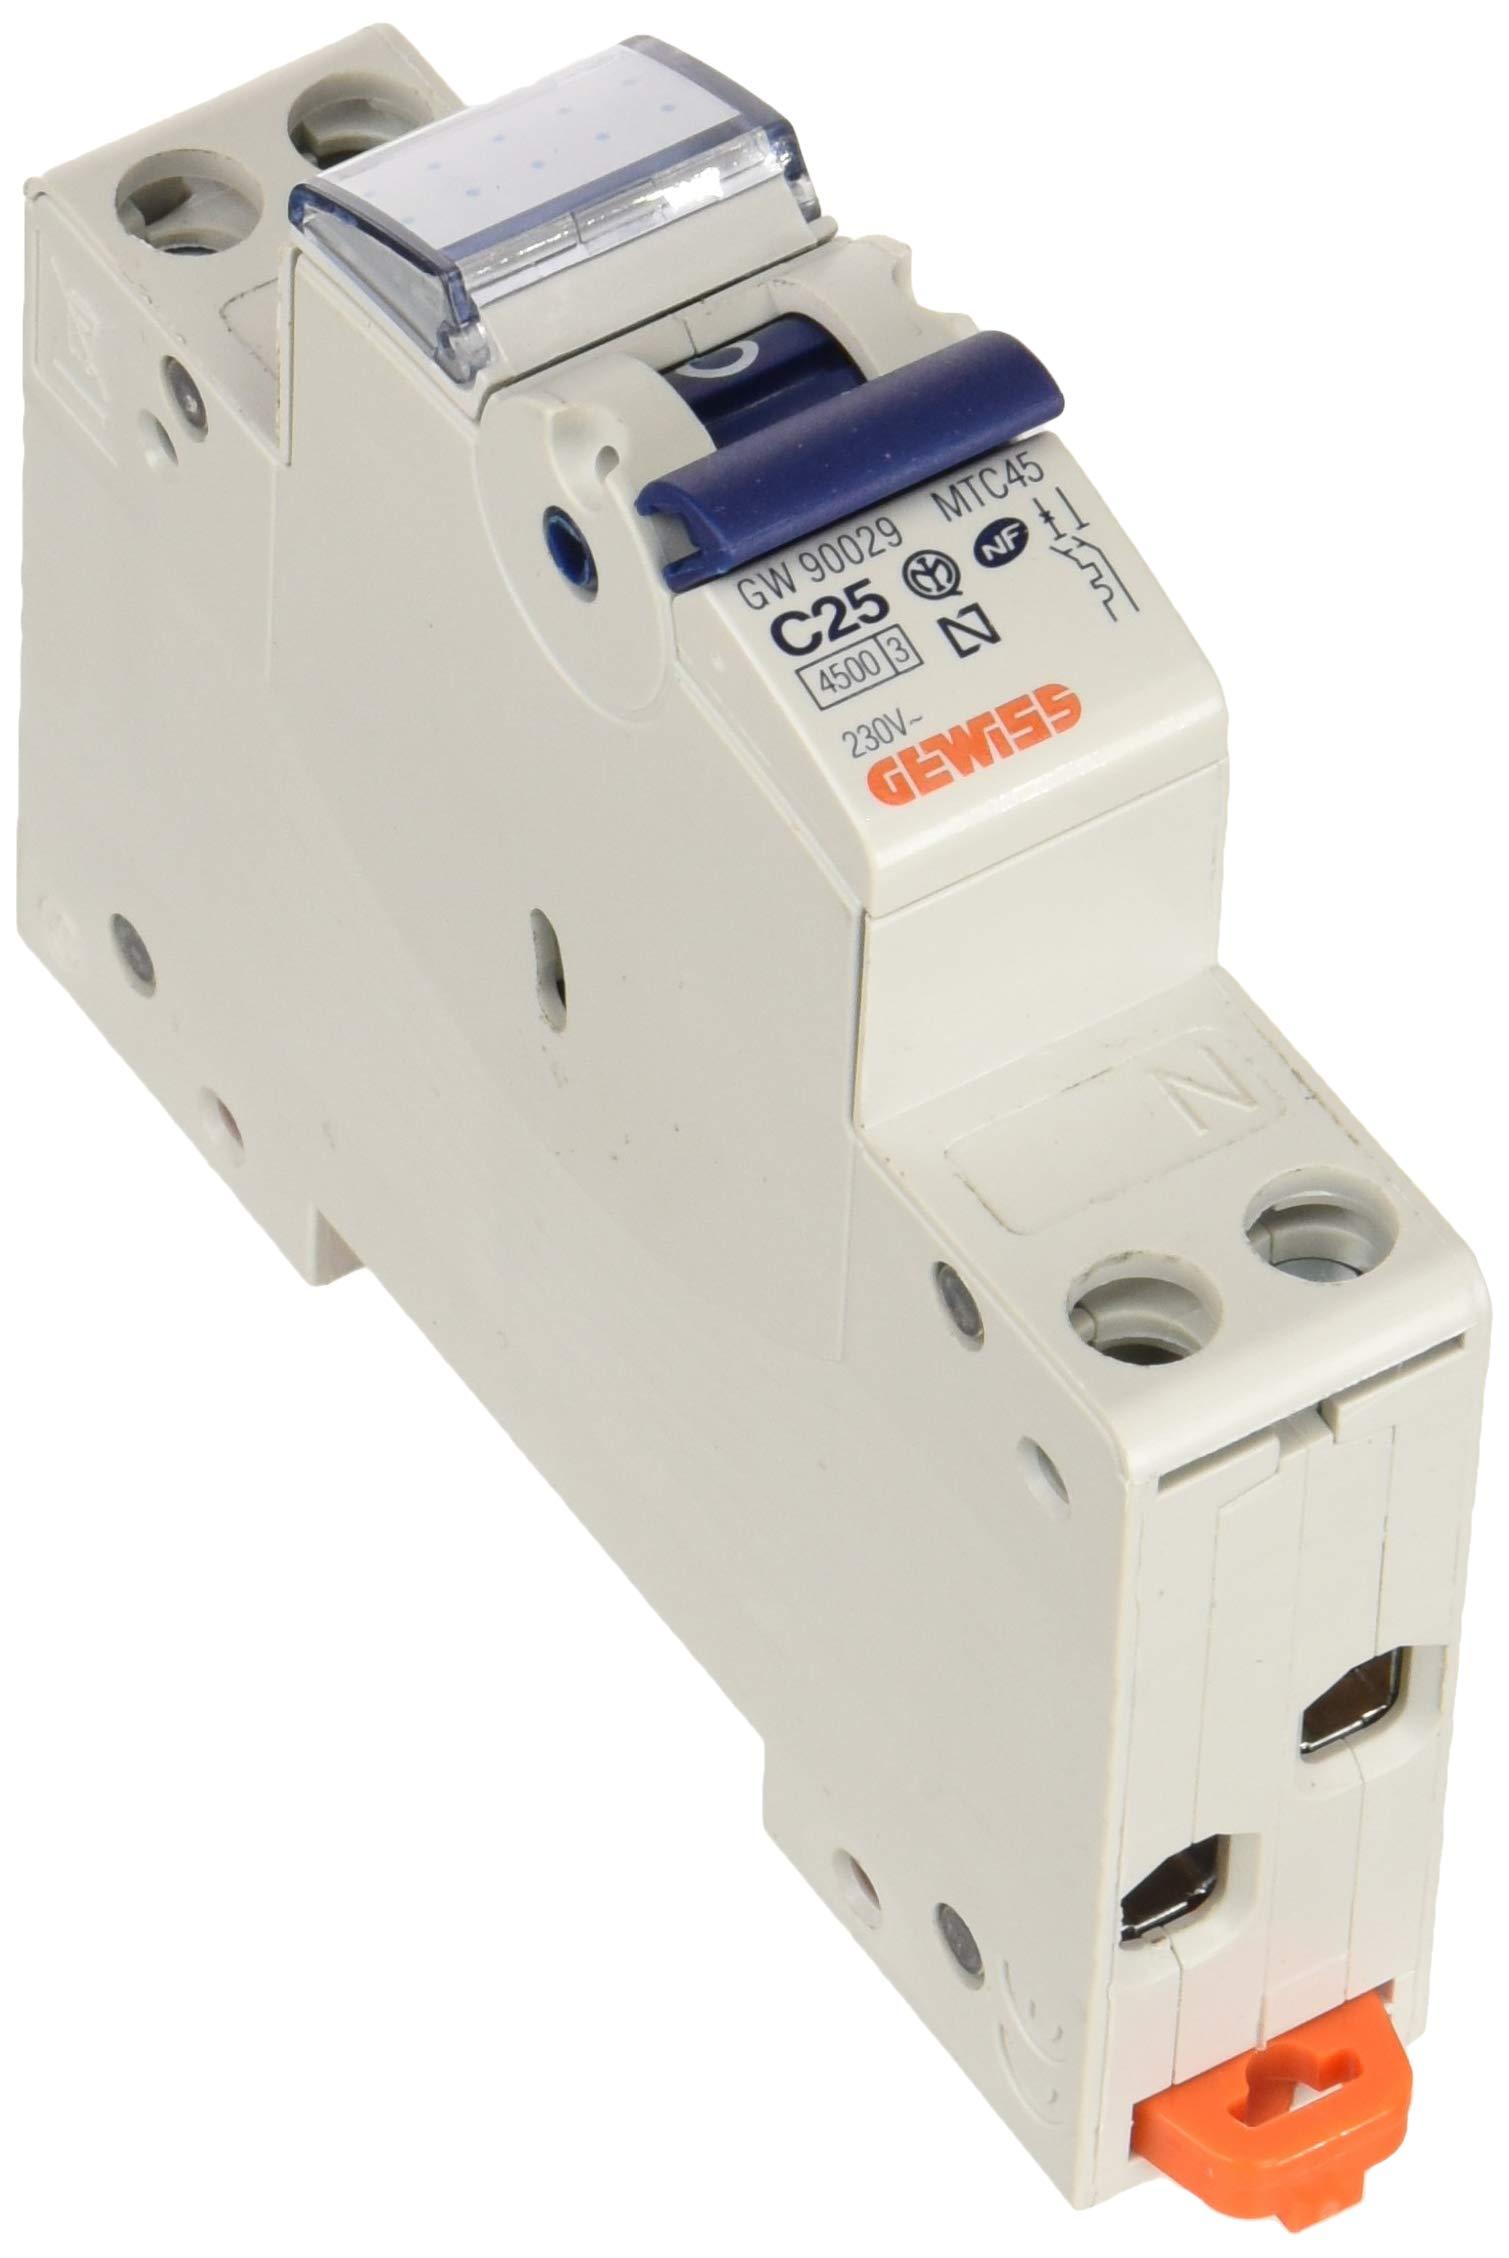 Gewiss GW90025 GW90025 Automatic Fuses ABB Circuit Breaker Automatic
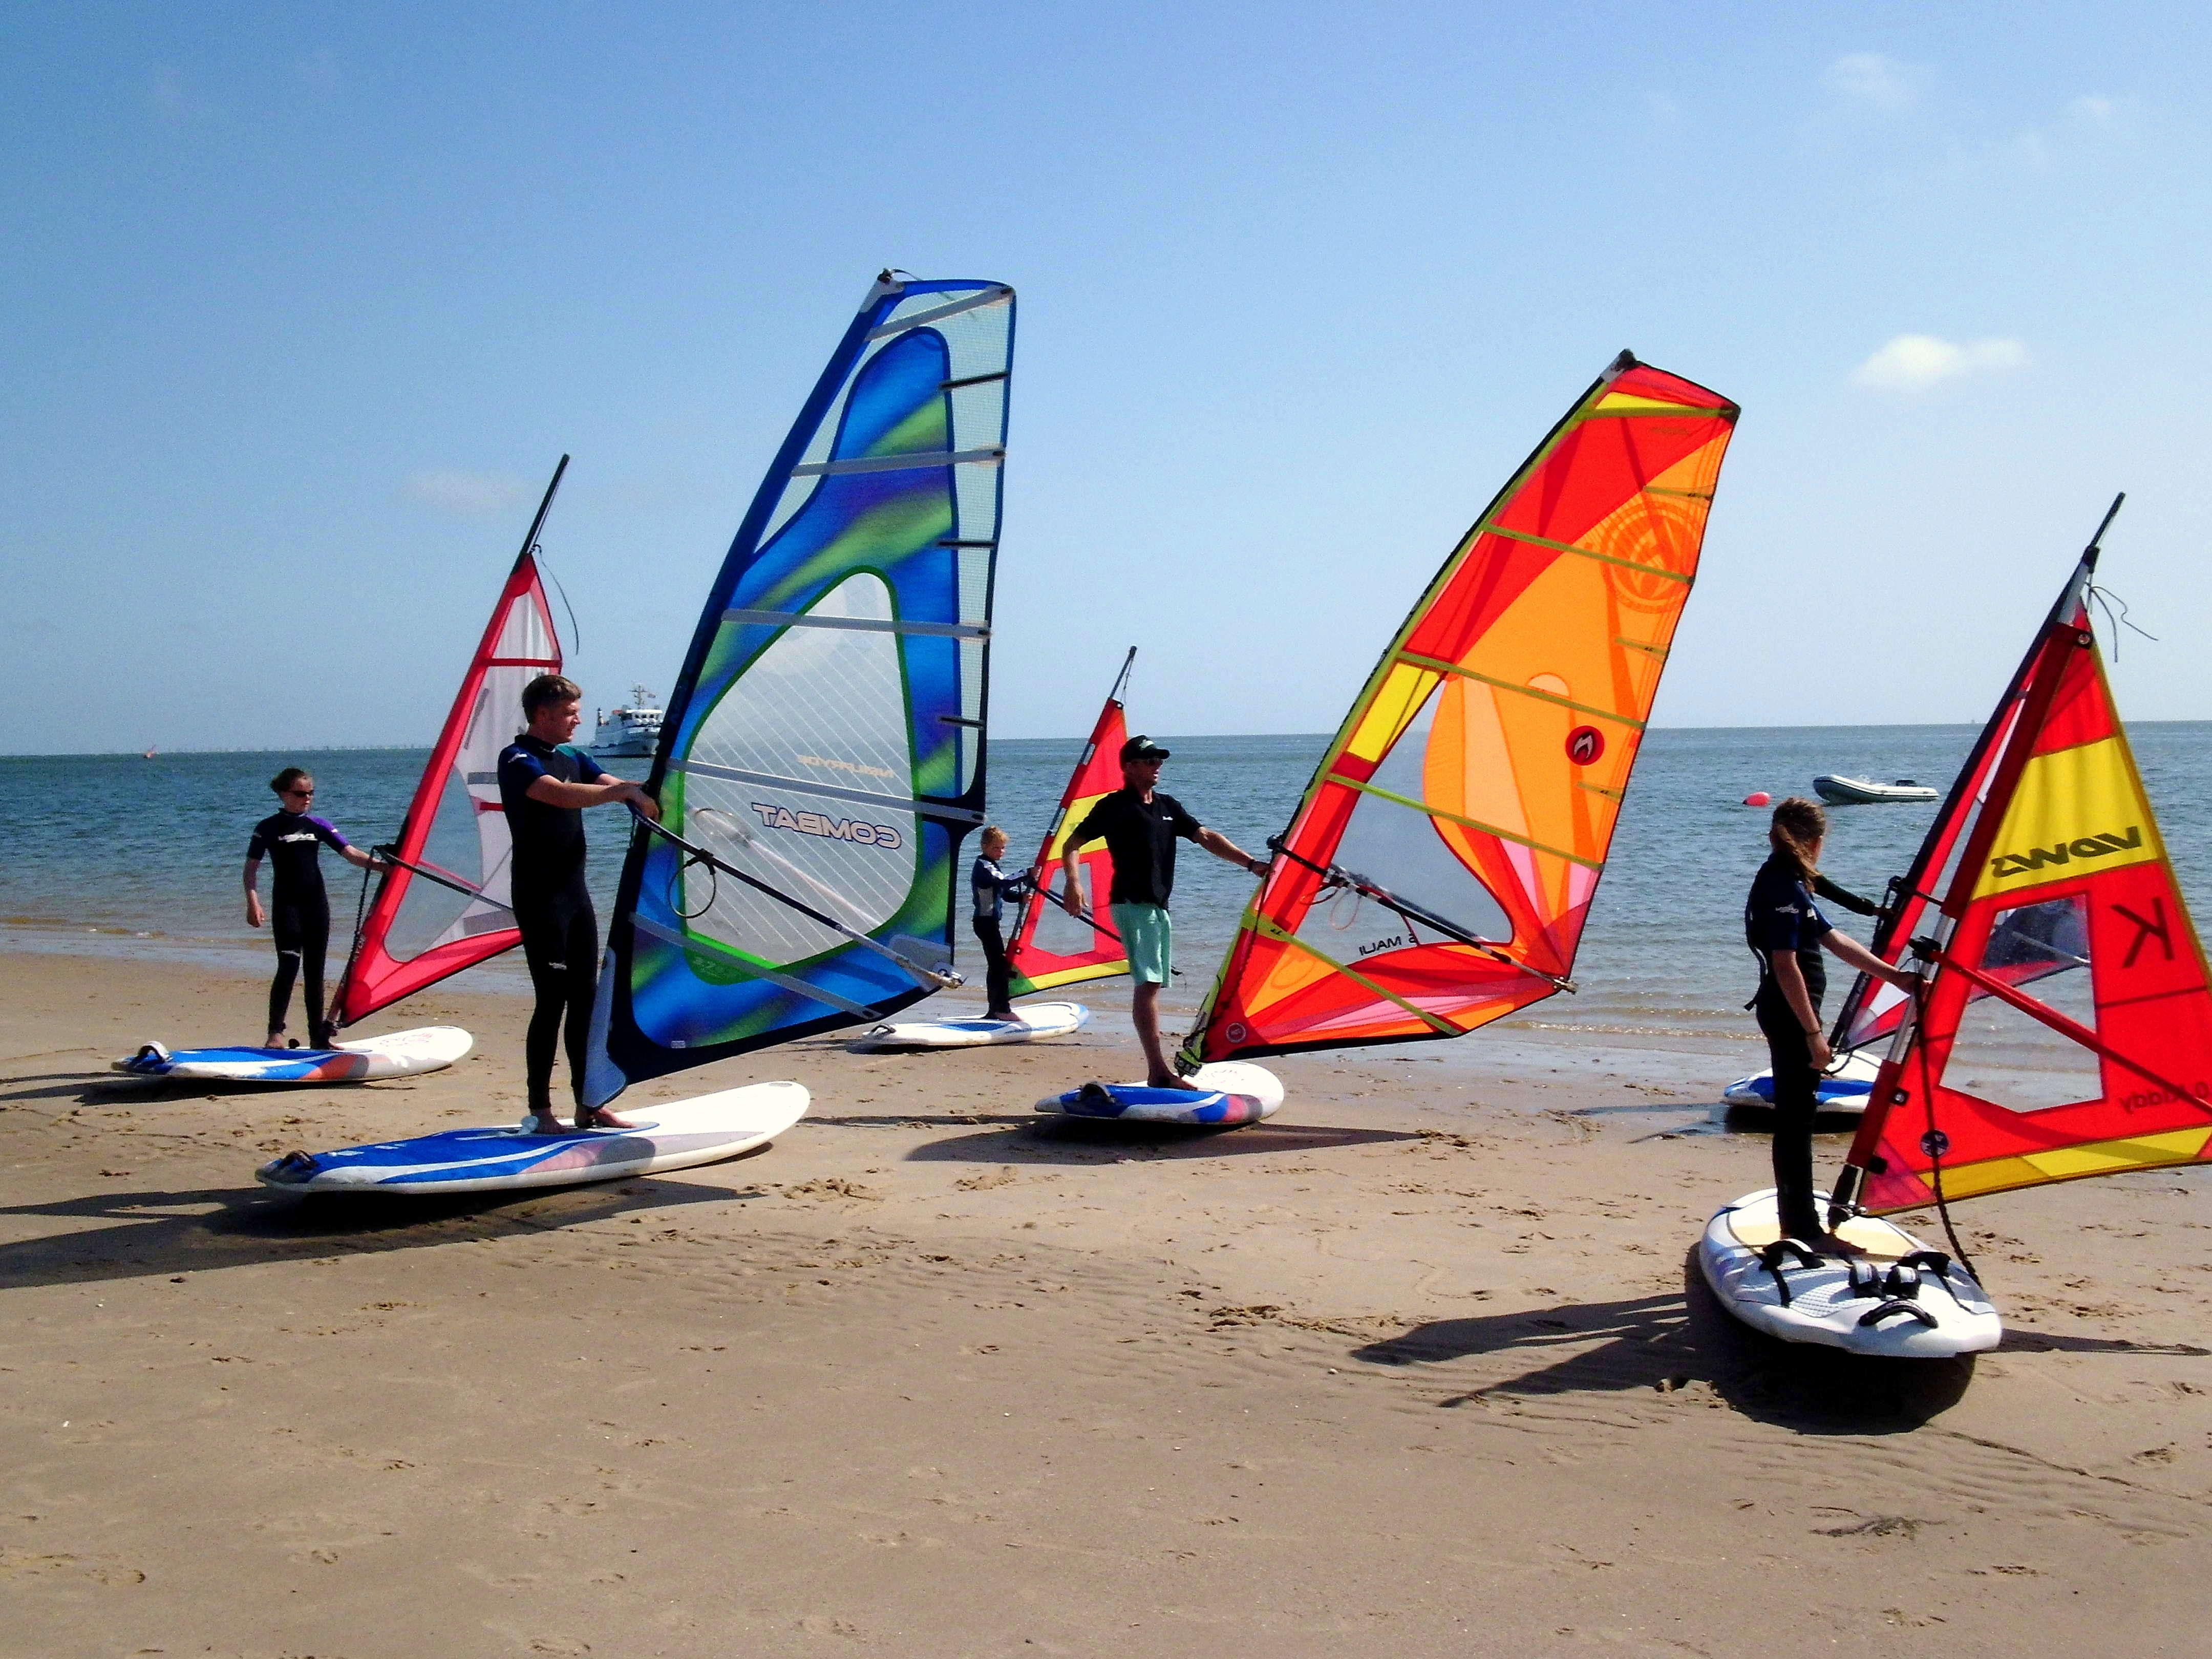 Windsurfen lernen Sylt - Südkap Surfing auf Sylt
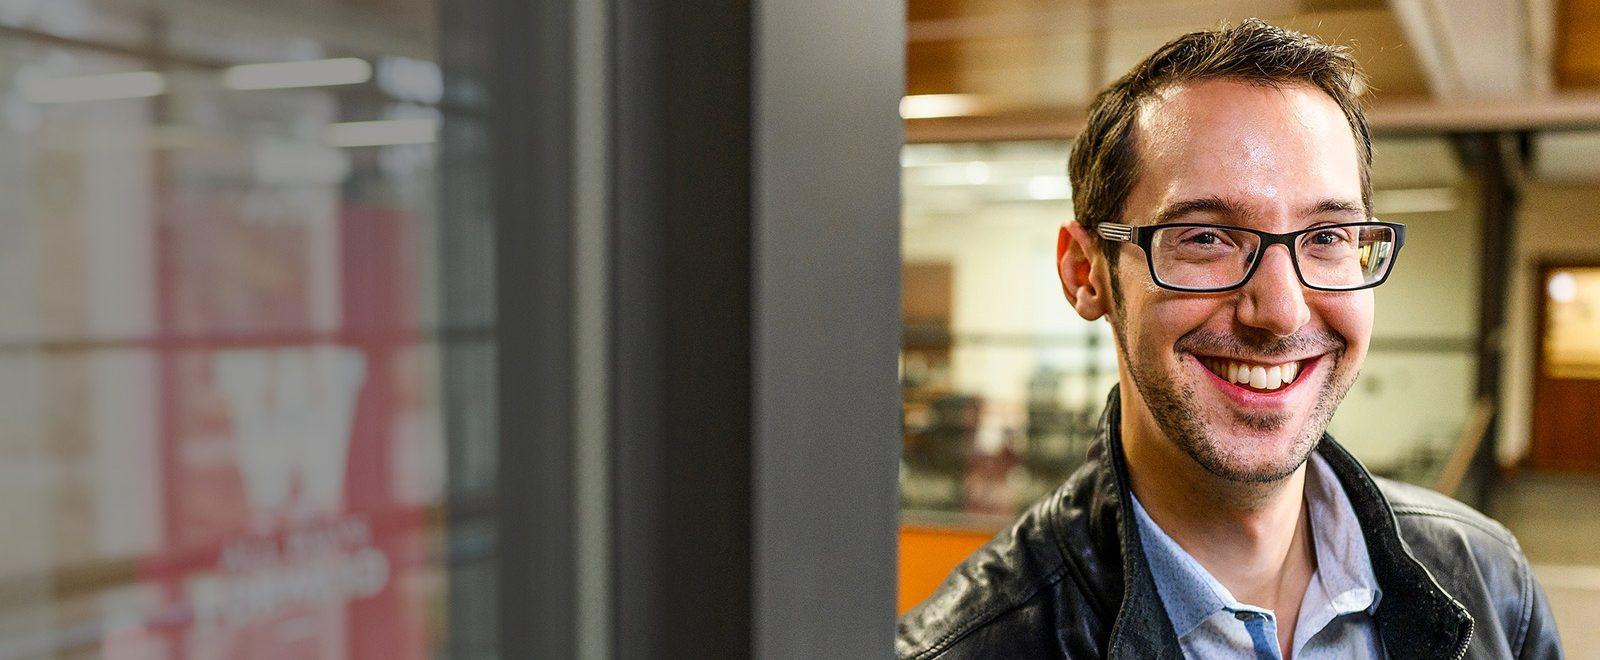 Brett Nachman poses in the Education Building.

YOUR TASK: Word for word, reproduce all the data, but not the pictures.

ANSWER BOX:
 Gewiss GW90025 GW90025 Automatic Fuses ABB Circuit Breaker Automatic
 Windsurfen lernen Sylt - Südkap Surfing auf Sylt
 Brett Nachman poses in the Education Building.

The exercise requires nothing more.